Please contact the Director, ISEA if you would like to hear more. An outline of the approach is given below.

Approach

A Divisional Risk Assessment will be based on the six-phased approach adopted in other successfully completed assessments:

Survey > Inventory > Connect > Classify > Analyze > Assess

Scope

The following will be out of scope.

  • Financial Controls
  • Physical Security Controls

Interviewees

The process starts with a series of interviews of key people, such as those in the following or similar positions, or someone they designate:

  • Chief Administrative Officer
  • IT Manager
  • IT Staff
  • Technology support
  • Academic Leadership, as needed
  • Administrative staff, as needed
  • External suppliers of services (firewall, backups, classroom management)

In general, all interviews will take place with the IT manager present.

 Process

In more detail, these are the steps planned for a Divisional Risk Assessment.

Survey

The survey step is the scoping exercise.

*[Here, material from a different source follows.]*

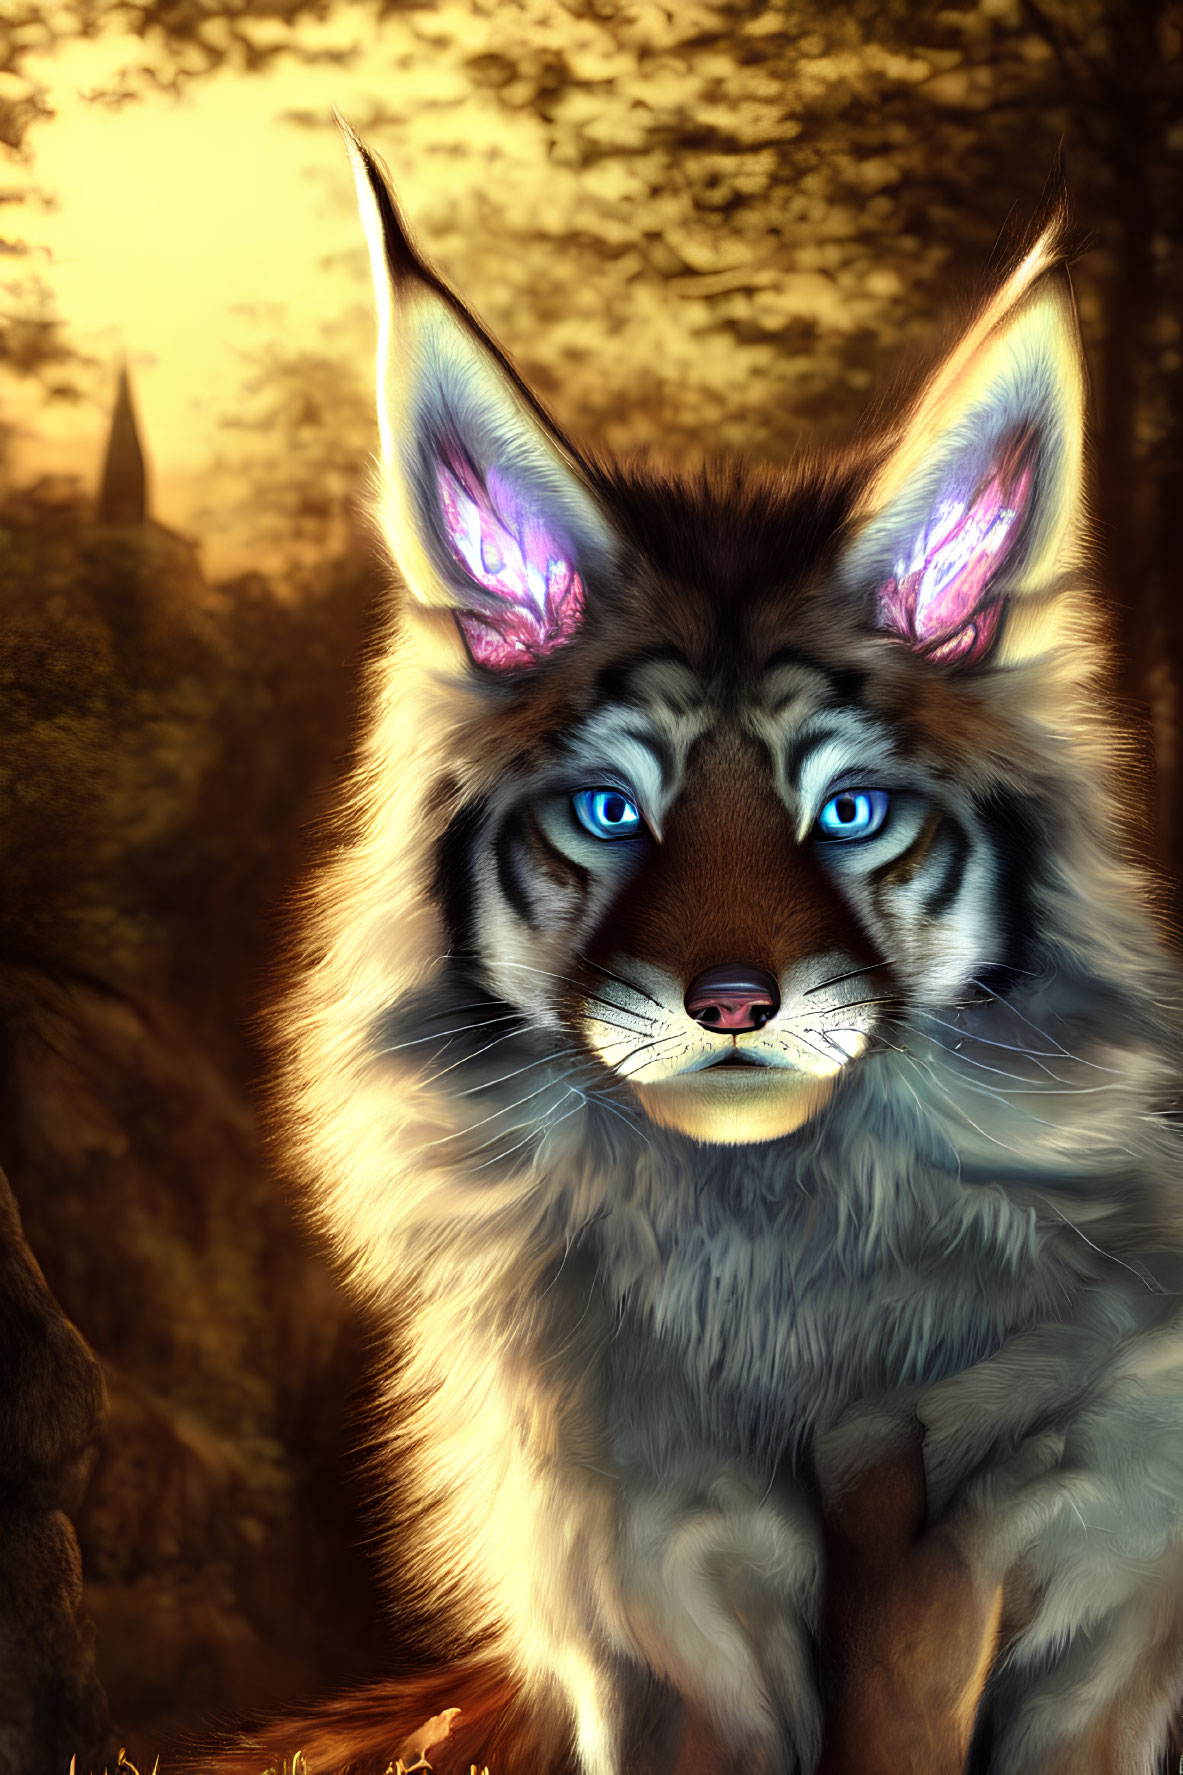 Blue-eyed anthropomorphic feline with intricate markings in autumn forest scene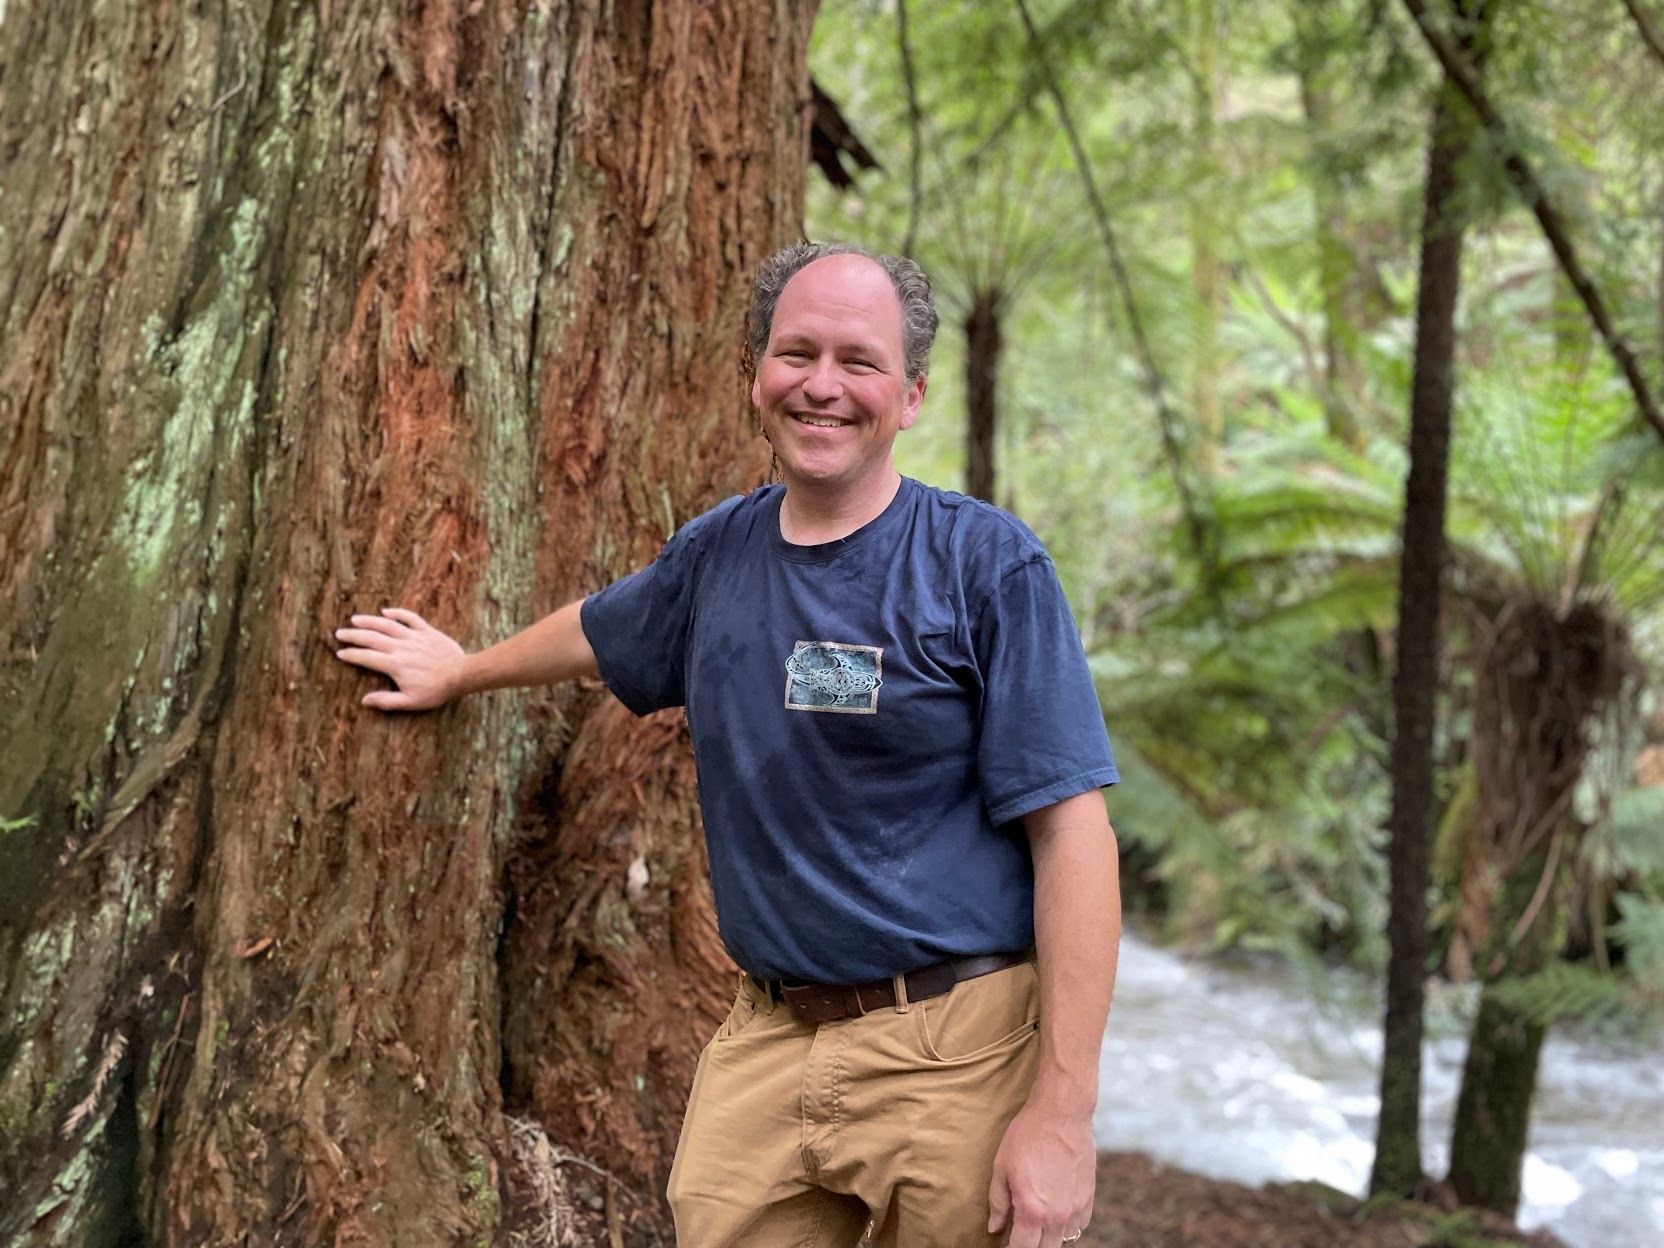 Bill Heller pictured posing in front of a tree

In this step we want to identify:

  • Internal departments
  • IT systems / services / processes
  • Broad usages
  • Division-wide governance / compliance requirements (such as FIPPA and divisional specific requirements (external and internal))
  • Key sources of data
  • Any existing data, such as system analyses by ISEA, to inform this process

The survey will provide an organization chart on which to overlay major information systems / data repositories, data flows and academic/administrative processes, and provide a high level view of controls / risk management processes.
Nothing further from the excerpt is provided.